Crake, of course, scoffs at the literary arts: “Who’d write if they could do otherwise? I mean, wouldn’t you rather be fucking?” Jimmy is made to feel embarrassed about showing emotion or he feels outdone by Crake’s thick-skinned intelligence. Indeed, a boy who once loved words, who found “soul” in words, is later-and probably too late-left wondering in a significantly philosophical way:

“When did the body first set out on its own adventures? Snowman thinks; after having ditched its old travelling companions, the mind and the soul, for whom it had once been considered a mere corrupt vessel or else a puppet acting out their dramas for them, or else bad company, leading the other two astray. It must have got tired of the soul’s constant nagging and whining and the anxiety-driven intellectual web-spinning of the mind, distracting it whenever it was getting its teeth into something juicy or its fingers into something good. It had dumped the other two back there somewhere, leaving them stranded in some damp sanctuary or stuffy lecture hall while it made a beeline for the topless bars, and it had dumped culture along with them: music and painting and poetry and plays. Sublimation, all of it; nothing but sublimation, according to the body. Why not cut to the chase.”

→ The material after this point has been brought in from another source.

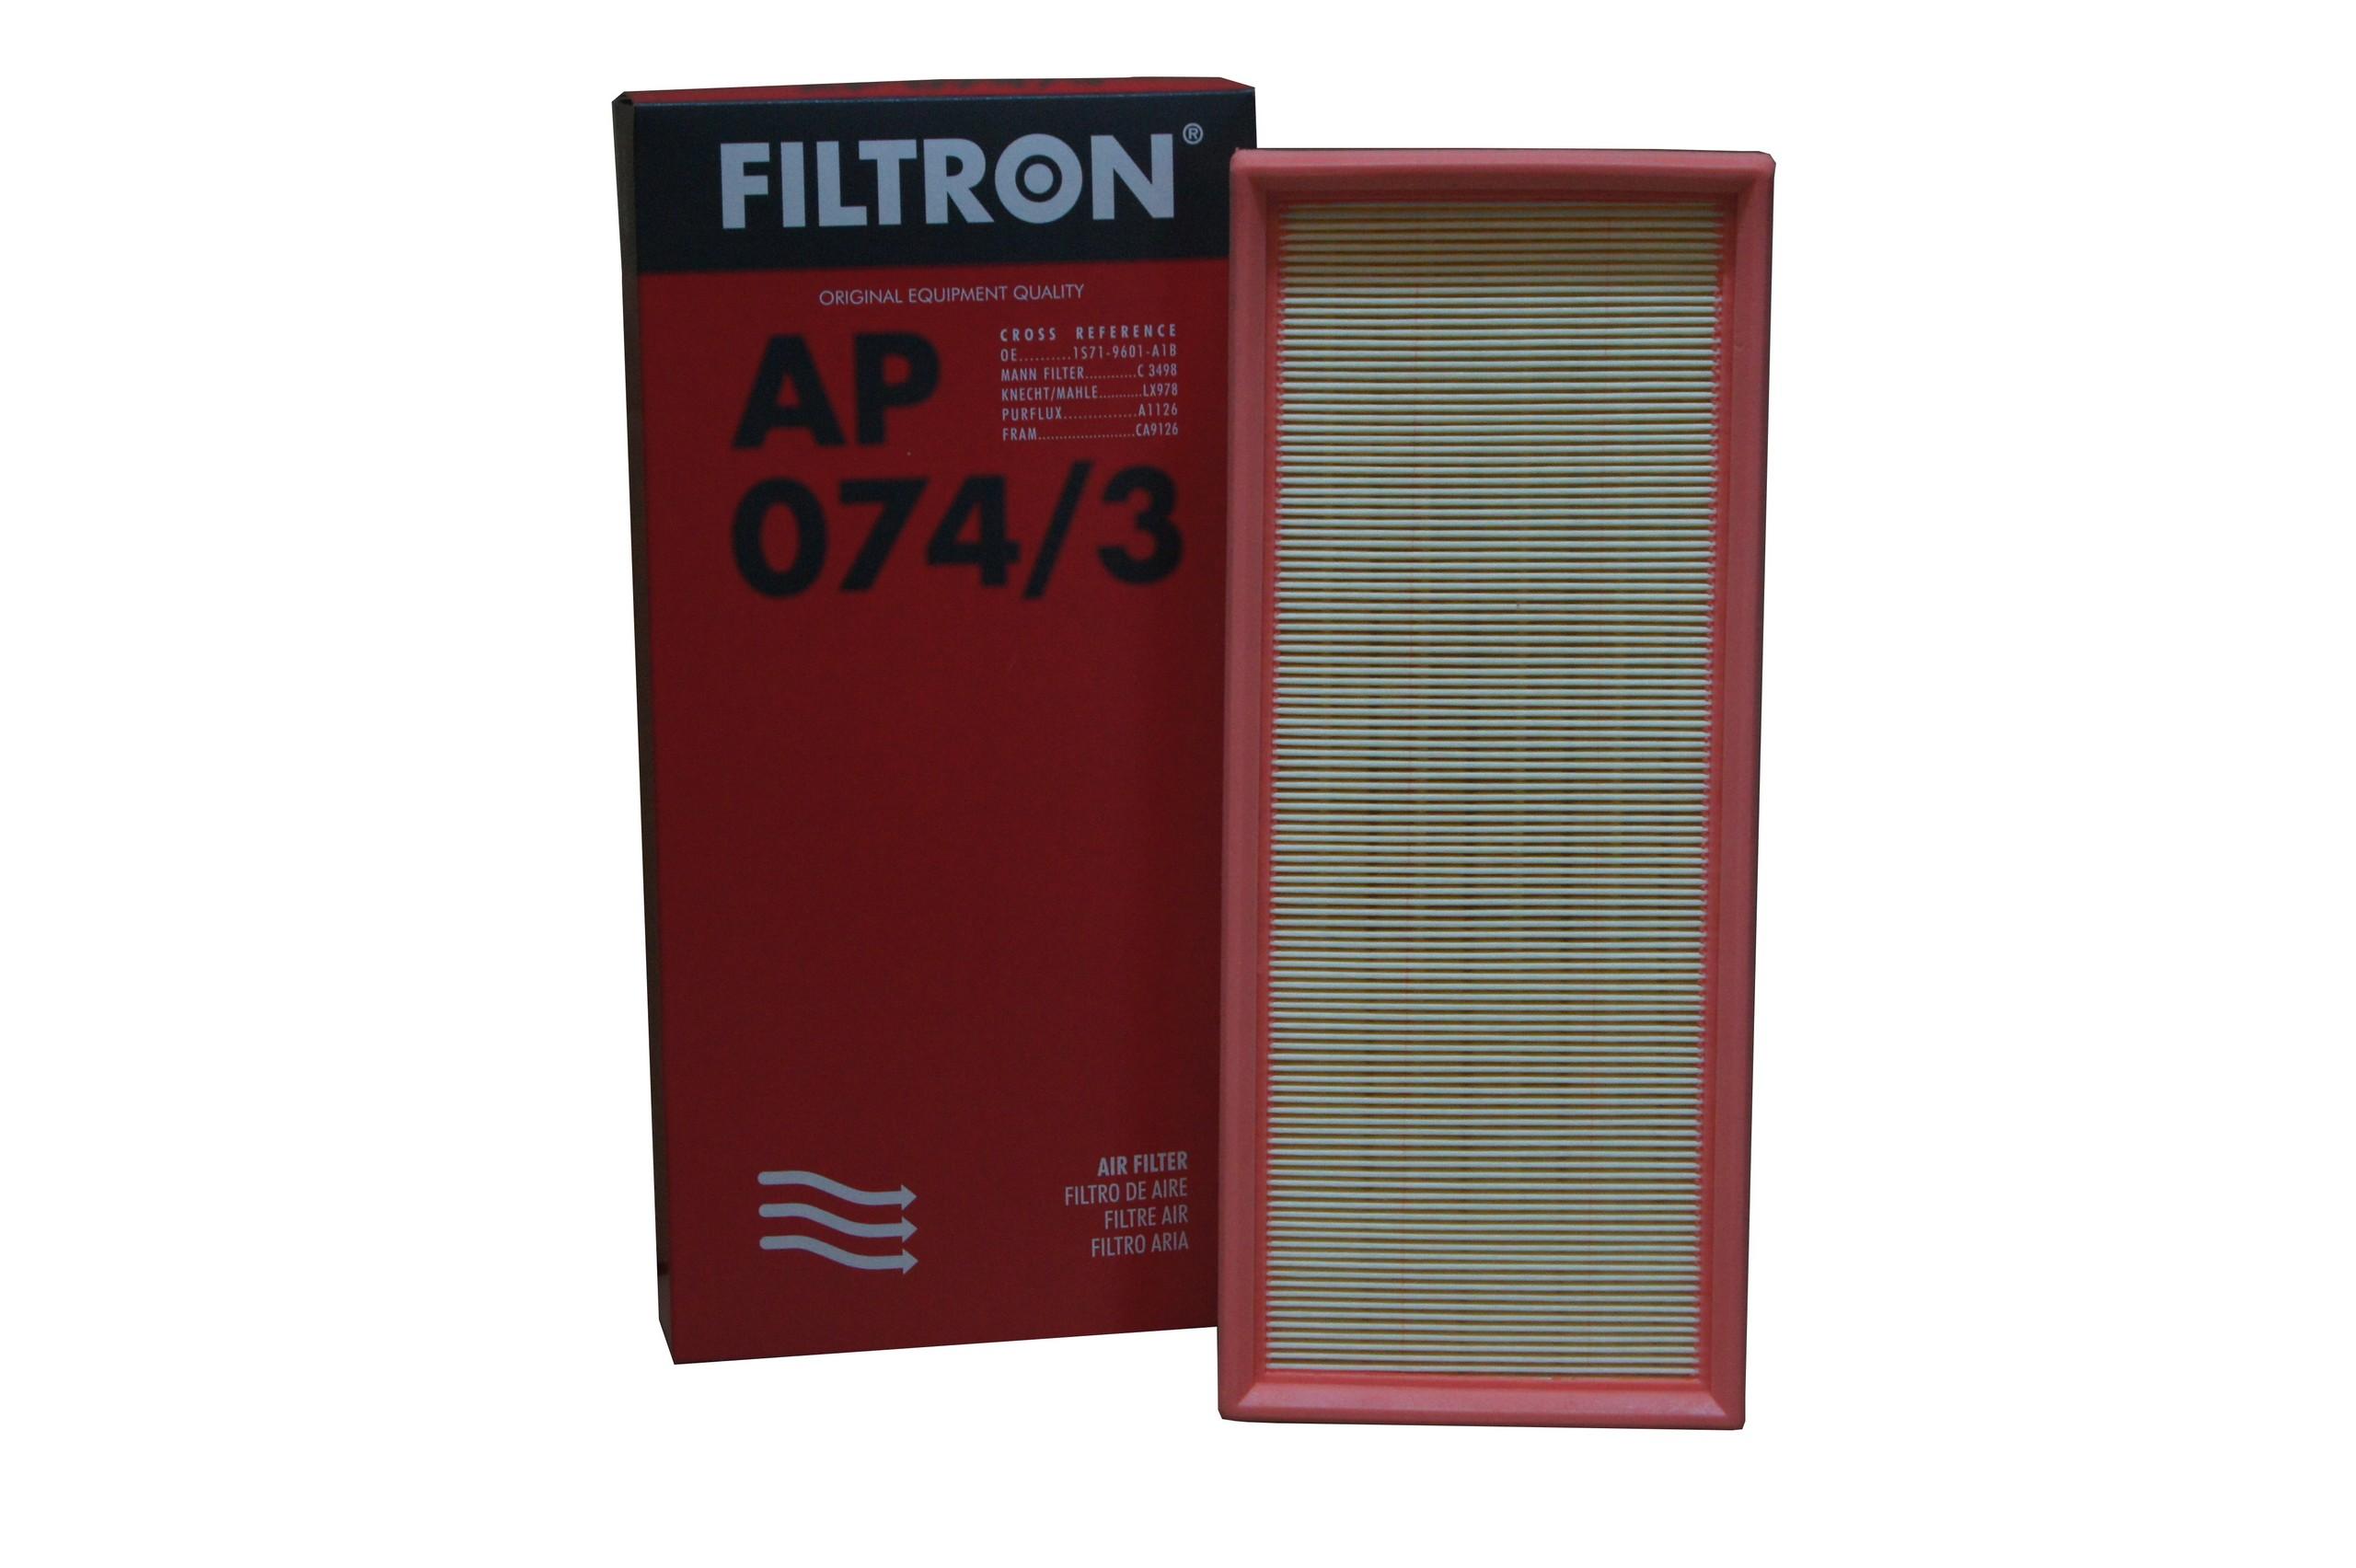 ORIGINALE FILTRON FILTRO ARIA FORD

The results, according to Jimmy, of the desertion of mind and soul for the pleasures of the body foreshadows the conclusion as he realizes that “the body had its own cultural forms. It had its own art. Executions were its tragedies, pornography was its romance.”
Crake even improves upon sex, removing many of its emotional complications which he sees as misplaced sexual energy: “Sex is no longer a mysterious rite, viewed with ambivalence or downright loathing, conducted in the dark and inspiring suicides and murders. Now it’s more like an athletic demonstration, a free-spirited romp.” He defends himself by claiming that such an attitude is less painful: “After all, under the old dispensation, sexual competition had been relentless and cruel: for every pair of happy lovers there was a dejected onlooker, the one excluded. Love was its own transparent bubble-dome: you could see the two inside it, but you couldn’t get in there yourself.”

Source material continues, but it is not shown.